16/09/2013

Aprender com as vitórias


De todas as vitórias conseguidas esta época, a de ontem será aquela que mais parece indicar que o Sporting está, de facto, muito diferente. Simplesmente porque, apesar de indiscutível e merecida, foi conseguida num jogo em que não jogámos particularmente bem; e porque, há que reconhecê-lo, apesar do mérito a que já aludi, beneficiámos de alguma sorte.

Em boa verdade, apesar das nossas inúmeras oportunidades desperdiçadas, não fizemos nada por aí além para as conseguir criar, apenas aproveitando a fraca qualidade do adversário - e o Olhanense teve as duas melhores e mais claras oportunidades do jogo (Diakhité de cabeça à barra, Vitor Bastos também de cabeça por cima - isto para não referir aquele lance do mau atraso do Maurício na primeira parte).

Por outro lado, convém referir que o primeiro golo é claramente em fora-de-jogo (daqueles de que me apercebi sem recurso à repetição porque reparei que Montero estava adiantado antes do livre e deu para perceber que não tinha recuado o suficiente), sem prejuízo de o Ricardo ter feito lembrar o Artur naquele famoso clássico de há 2 anos em que o Maicon também marcou em fora-de-jogo.

Ou seja, sem fazermos uma exibição de grande qualidade, aproveitámos bem os erros alheios e tivemos a sorte de os nossos erros não terem consequências por aí além.

E é este o ponto essencial: são estes jogos que os treinadores devem aproveitar para fazer crescer as equipas. Jogos em que não jogámos particularmente bem, nem estivemos particularmente bem defensivamente, mas acabámos por ganhar. Porque o ambiente nesta semana, sendo obviamente bom, permite encaixar melhor as sarabandas que o treinador será obrigado a dar. Muito em particular, o fantasma das bolas paradas voltou a aparecer. Quando tudo parecia no bom caminho (controlámos bem o Benfica que é fortíssimo nesses lances) eis que o Olhanense, um dos mais fortes candidatos à descida, põe a nu algumas das nossas fragilidades.
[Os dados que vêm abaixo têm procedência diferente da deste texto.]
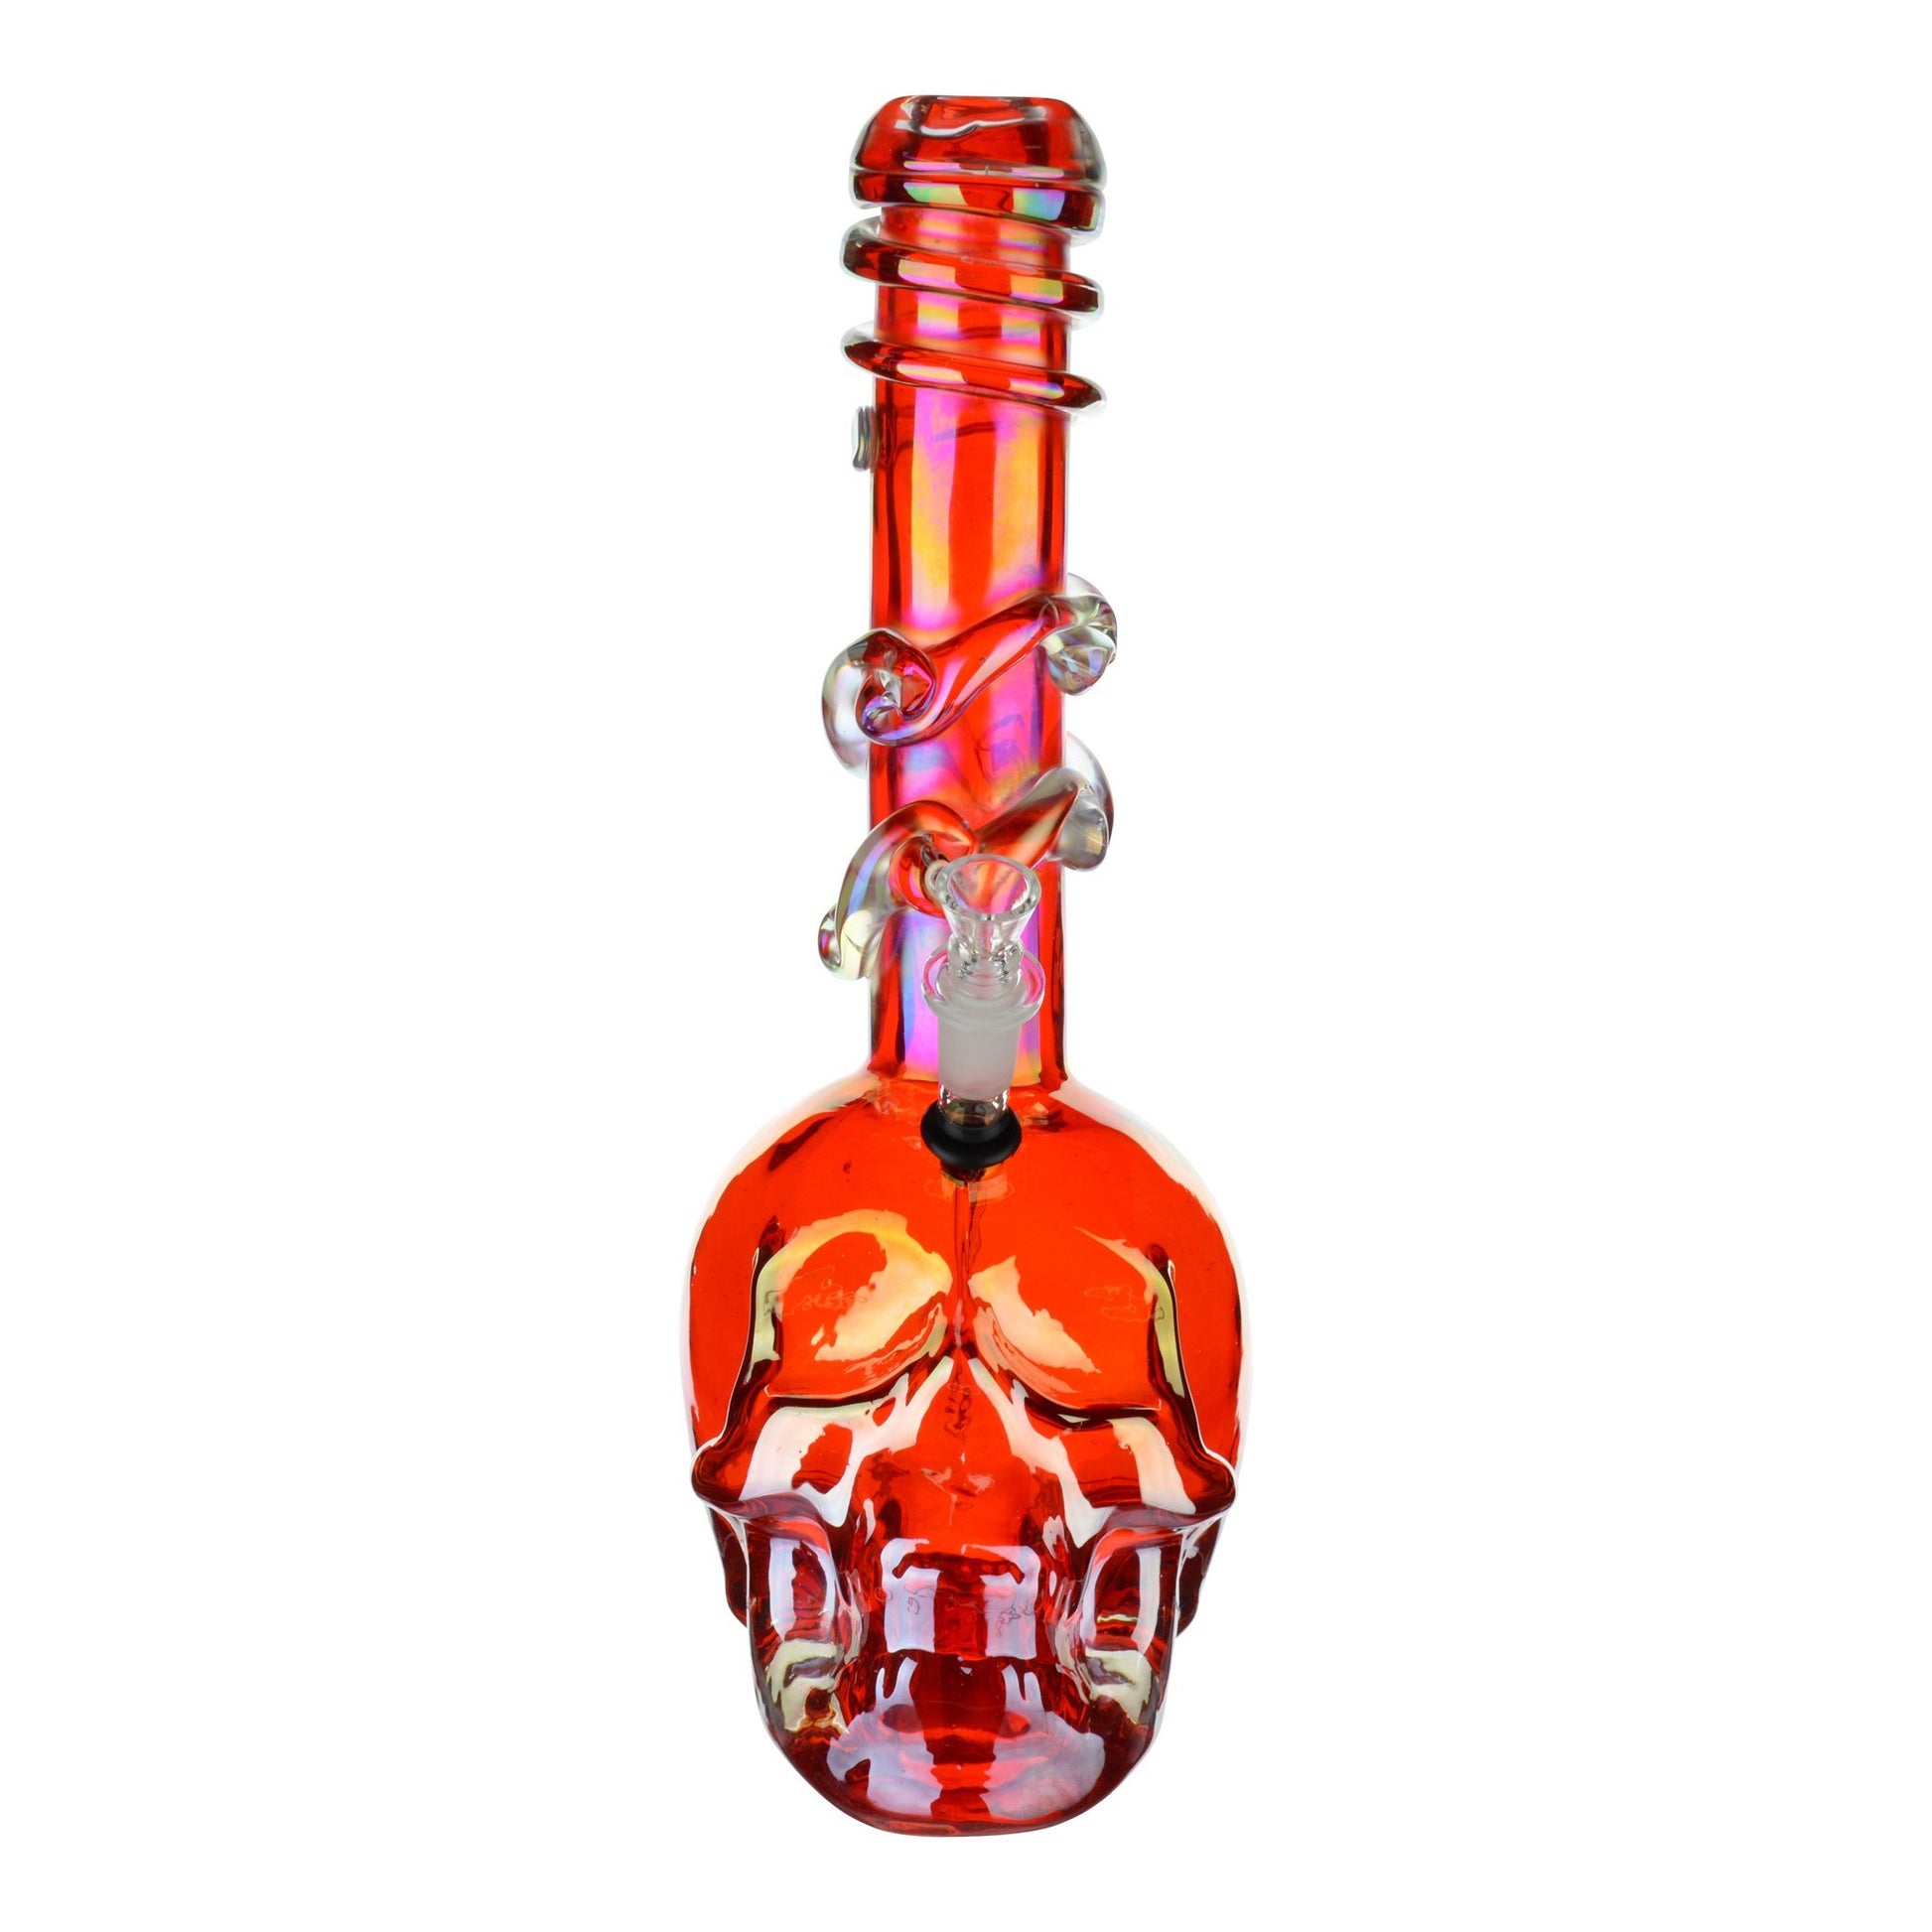 Full front shot of 14-inch iridescent red glass bong spiral mouthpiece skull shaped chamber skull facing front

De resto, e resumidamente, sinais + para Jefferson, Adrien, Martins e Montero. O único sinal - preocupante (apesar da assistência para o segundo golo) vai para Wilson Eduardo, que já não tinha feito um grande jogo com o Benfica e ontem decidiu quase sempre mal, emperrou por diversas vezes o jogo da equipa e errou inúmeros passes. A propósito, revelo que tenho uma aposta em curso sobre este jogador em que arrisquei que marca esta época 10 golos (em todas as competições); mas começo a ver que o meu "adversário" nesta aposta tem razão nalgumas limitações que aponta ao Wilson, nomeadamente no plano técnico, que, diz ele, se tornam mais visíveis à medida que o Sporting vai melhorando (e os adversários vão redobrando cuidados, o que afeta em primeira instância os tecnicamente menos dotados). Espero que o Wilson corresponda à aposta que fiz nele e saiba defender-se bem das acrescidas dificuldades que pode vir a encontrar.

Próximo adversário: Rio Ave. Em princípio, com o 11 habitual ou perto disso. E porque digo isto? Porque se é verdade que temos tido sorte no julgamento dos foras-de-jogo, convém dizer que não temos a sorte de jogar frequentemente contra 9 nem a sorte de defrontar na jornada seguinte equipas reduzidas a 9 na jornada anterior...

2 comentários:

  1. "Porque se é verdade que temos tido sorte no julgamento dos foras-de-jogo, convém dizer que não temos a sorte de jogar frequentemente contra 9 nem a sorte de defrontar na jornada seguinte equipas reduzidas a 9 na jornada anterior..."

    Coincidências meu caro, coincidências...

    Só não vê quem não quer. Quando se der por eles, já lá vão com cerca de 7 a 8 pontos de avanço, sem hipóteses de serem alcançados. Há que ter tempo e espaço para pensar na Champions, pois os ordenados e comissões são quantias elevadas e difíceis de pagar.

    ResponderEliminar
  2. Cantinho,
    Numa perspetiva puramente egoísta, preocupa-me mais a vantagem "por tabela" (será mesmo só por tabela?) de que tem beneficiado o nosso adversário direto, Sporting de Braga.